- Theatrical release poster
- Directed by: Guel Arraes
- Written by: Guel Arraes Jorge Furtado
- Produced by: Anna Barroso
- Starring: Selton Mello Camila Pitanga Deborah Secco
- Cinematography: Felix Monti
- Edited by: Paulo H. Farias
- Music by: Lenine Carlinhos Borges
- Production company: Globo Filmes
- Distributed by: Columbia TriStar
- Release date: 9 November 2001;
- Running time: 85 minutes
- Country: Brazil
- Language: Portuguese
- Budget: R$2.5 million ($1,124,810)
- Box office: R$1,500,740 ($675,218)

= Caramuru: A Invenção do Brasil =

2001 film by Guel Arraes

Caramuru: A Invenção do Brasil (lit. 'Caramuru: The Invention of Brazil') is a Brazilian romantic comedy film released 9 November 2001. It is a loose, comedic adaptation of the epic poem Caramuru, written in 1781 by Brazilian friar Santa Rita Durão.

== Plot ==
Diogo Álvares gets stranded on a tropical island where he meets a beautiful native of the island, a girl called Paraguaçu and her sister Moema. The two girls become his lovers, but Diogo is already engaged to be married in his native Portugal. He's engaged to Isabelle a French noble woman, through an agreement made between the Portuguese and the French kings. On the island Diogo meets Paraguaçu and Moema's father, who after a few misunderstandings make him the tribe's chief. After some time on the island Diogo sees a caravel far out at sea. The ship approaches the shore and Diogo finally gets rescued by the Portuguese nobility on the way to India. Diogo embarks on the ship, and Paraguaçu swims after him. Diogo decides to take Paraguaçu with him to Europe.
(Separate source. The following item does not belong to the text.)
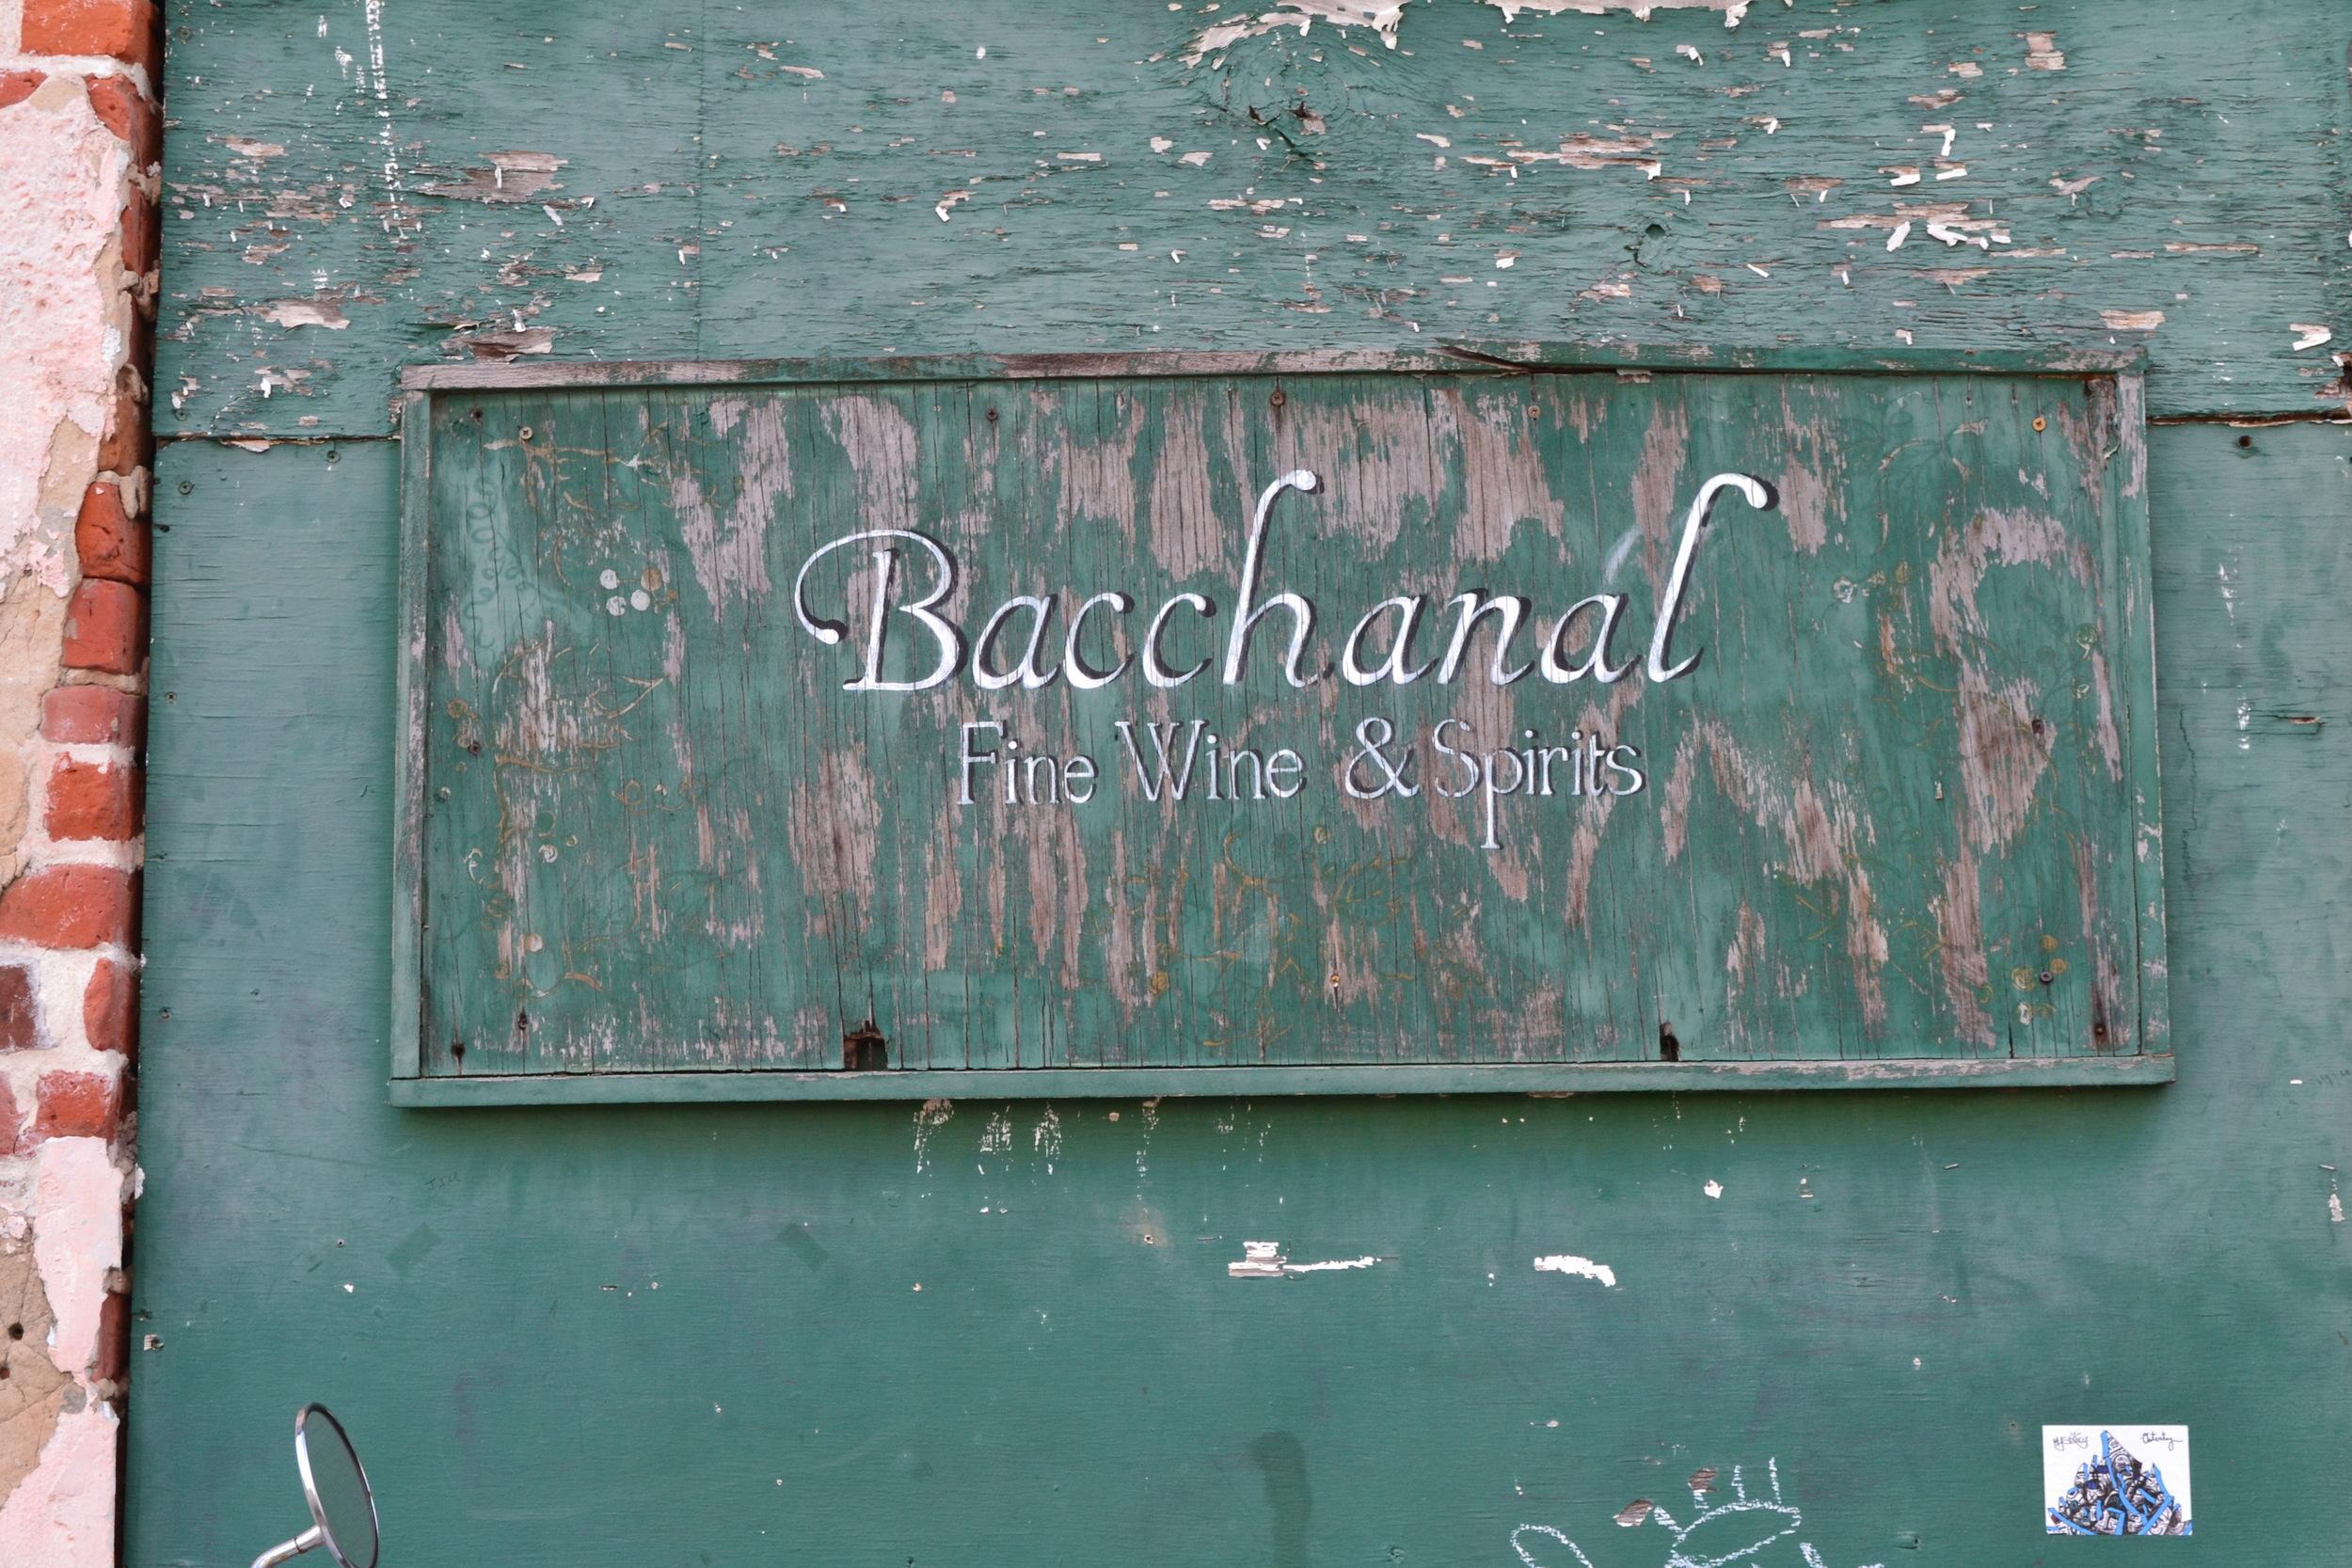 Homey Feel at Bacchanal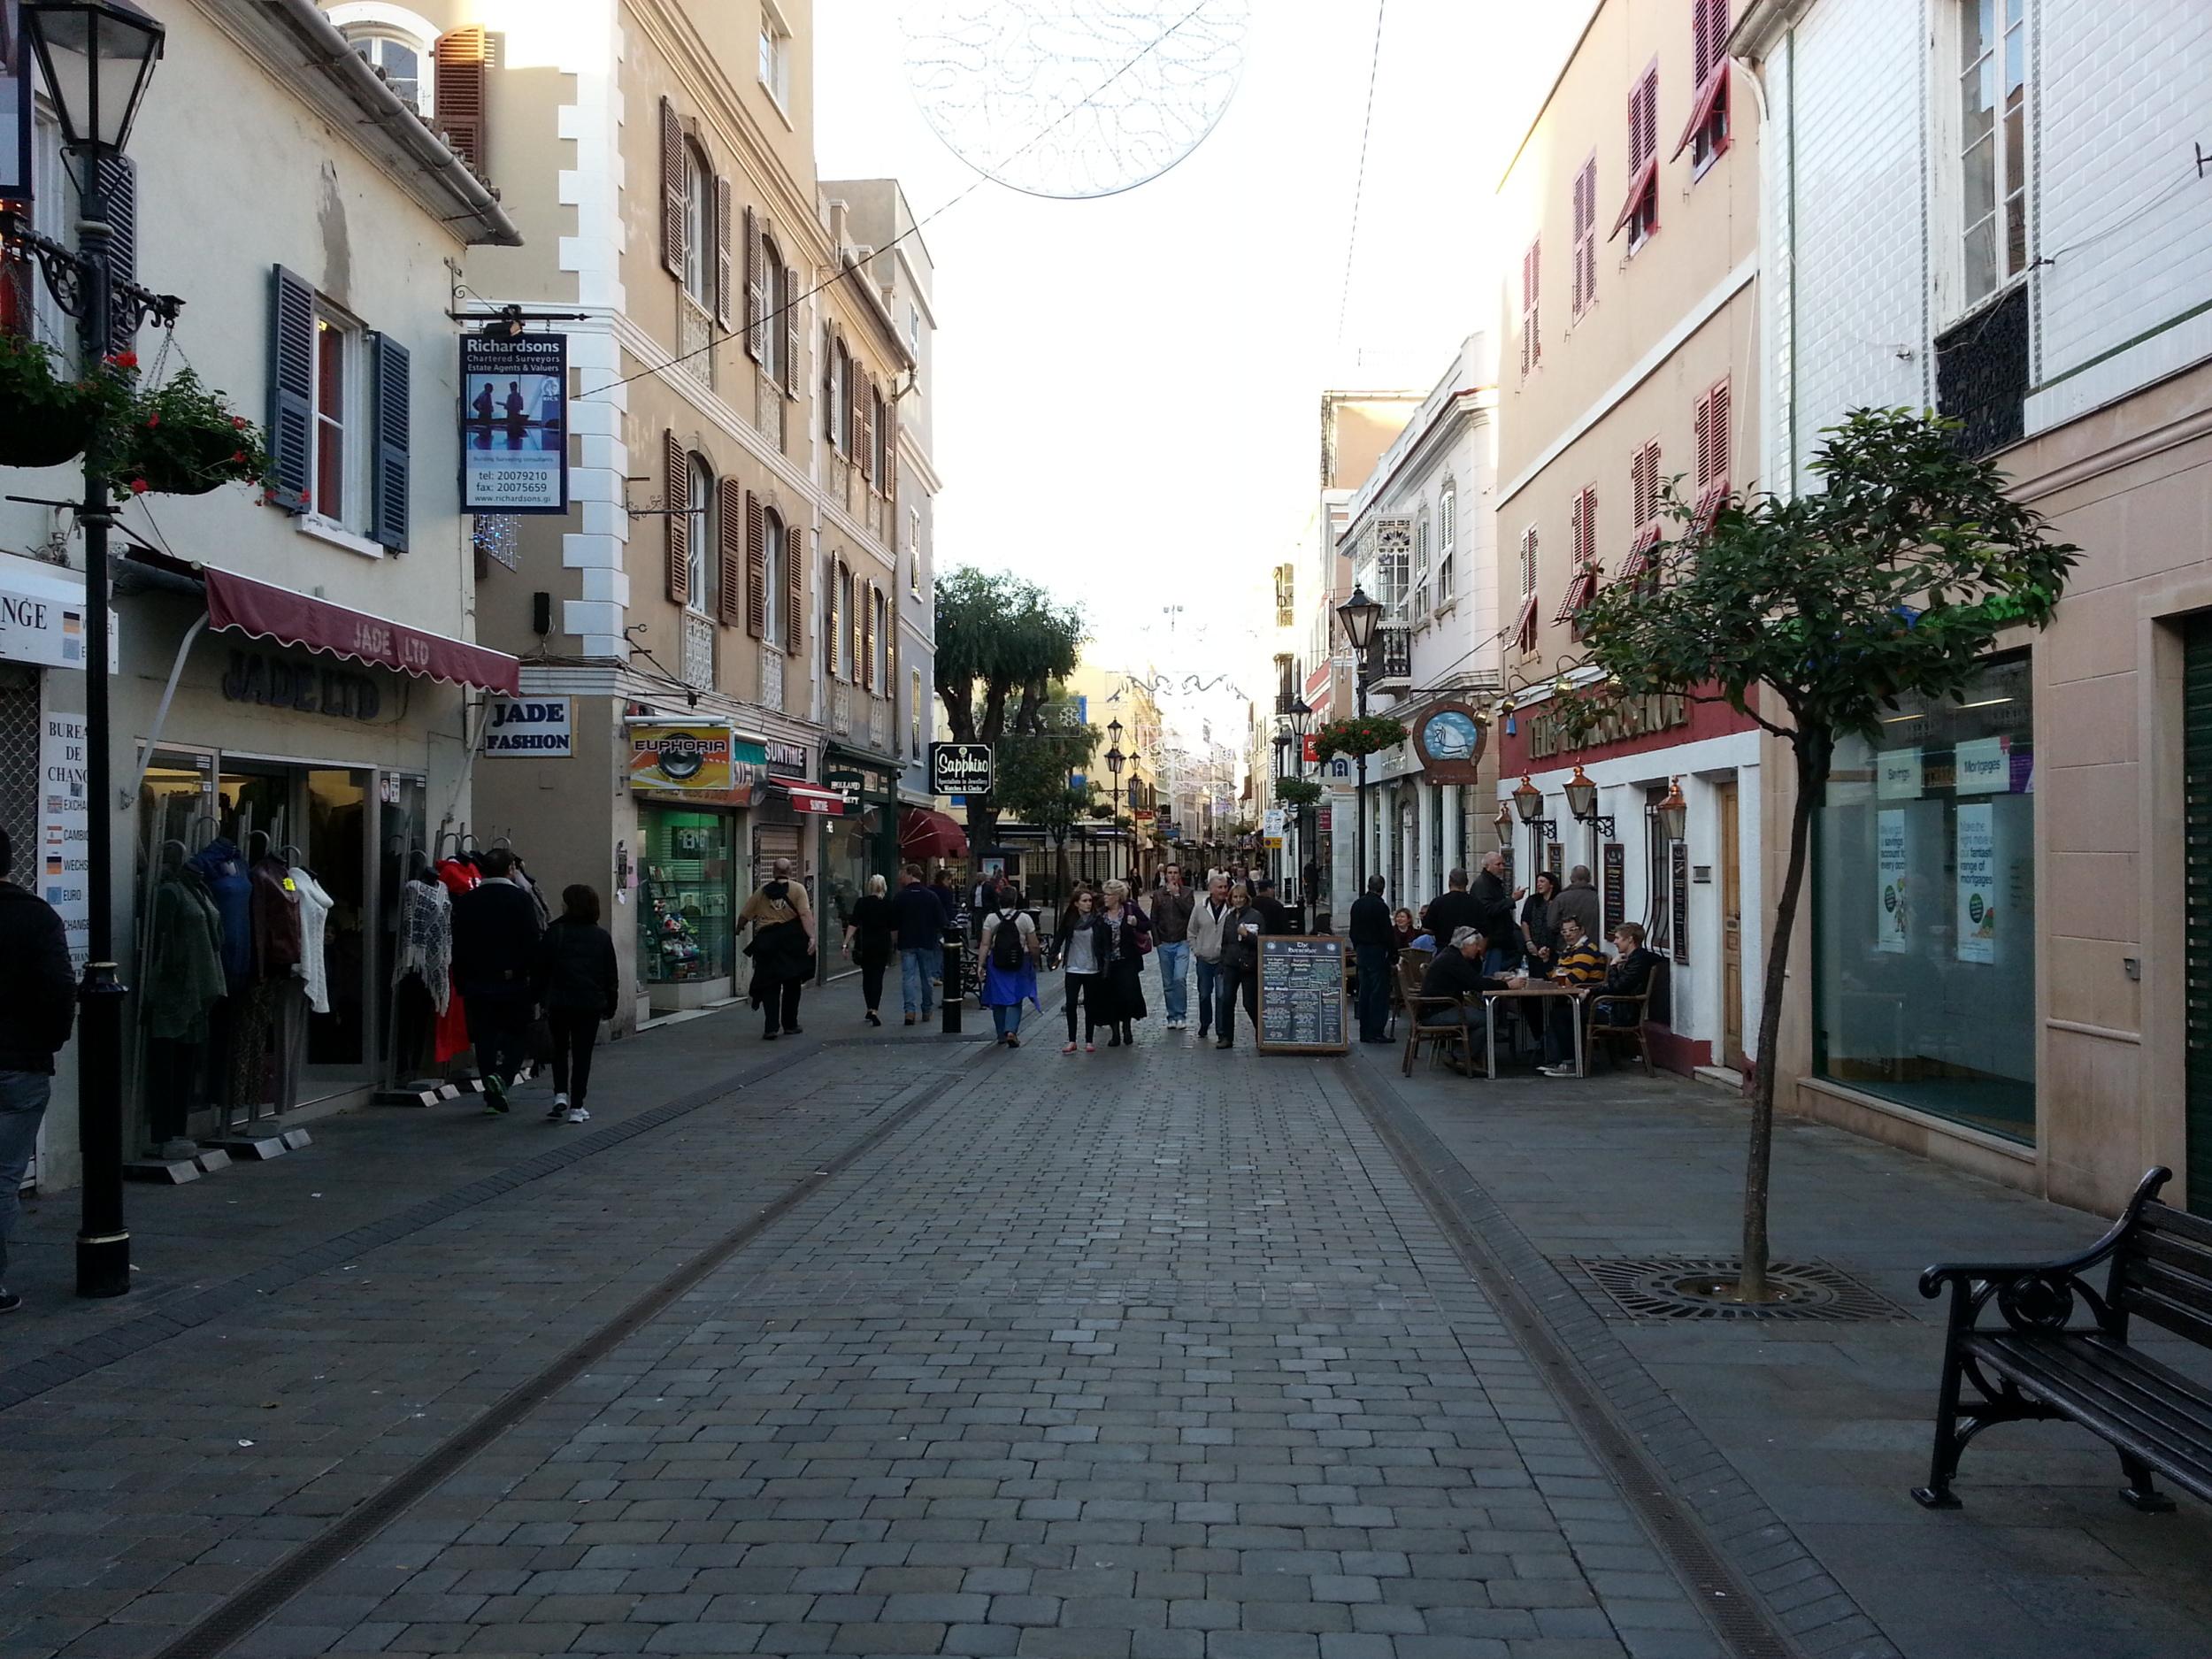 Gibraltar . Main Street. Mostly a pedestrian zone.

In Europe everything is new for Paraguaçu, even the fact that people get married, a concept she did not understand. When Paraguaçu finds out that Diogo is engaged to be married to Isabelle and meets Isabelle, she makes a deal with her. She proposes that Isabelle let her marry Diogo and in exchange she will tell her where there is gold on her native island. Isabelle accepts the proposal, and Paraguaçu marries Diogo. Isabelle later finds out that Paraguaçu lied to her, she never intended to show her where there is gold. Isabelle gets arrested by the king because she did not marry Diogo according to the agreement, and Diogo and Paraguaçu return to the island, which in fact is Terra Brasilis, Brazil. The film has a happy ending, Diogo and Paraguaçu live happily ever after in Brazil.

==Cast==
- Selton Mello as Diogo Álvares Correia
- Camila Pitanga as Paraguaçu
- Deborah Secco as Moema
- Tonico Pereira as Itaparica
- Débora Bloch as Isabelle
- Luís Melo as Dom Vasco de Athayde
- Pedro Paulo Rangel as Dom Jayme
- Diogo Vilela as Heitor

==Production==
Based on the 2000 Rede Globo's miniseries A Invenção do Brasil, it was shot in Picinguaba beach in Ubatuba, Brazil, and at the Queluz National Palace, Leiria Castle, and Batalha Monastery, all the three later locations in Portugal. Caramuru: A Invenção do Brasil was the first Brazilian film to use high-definition quality (HDTV). The transposition process from HDTV to film stock cost R$500,000 ($224,962), and the miniseries itself was done with R$2 million ($899,848), for a total budget of R$2.5 million ($1,124,810).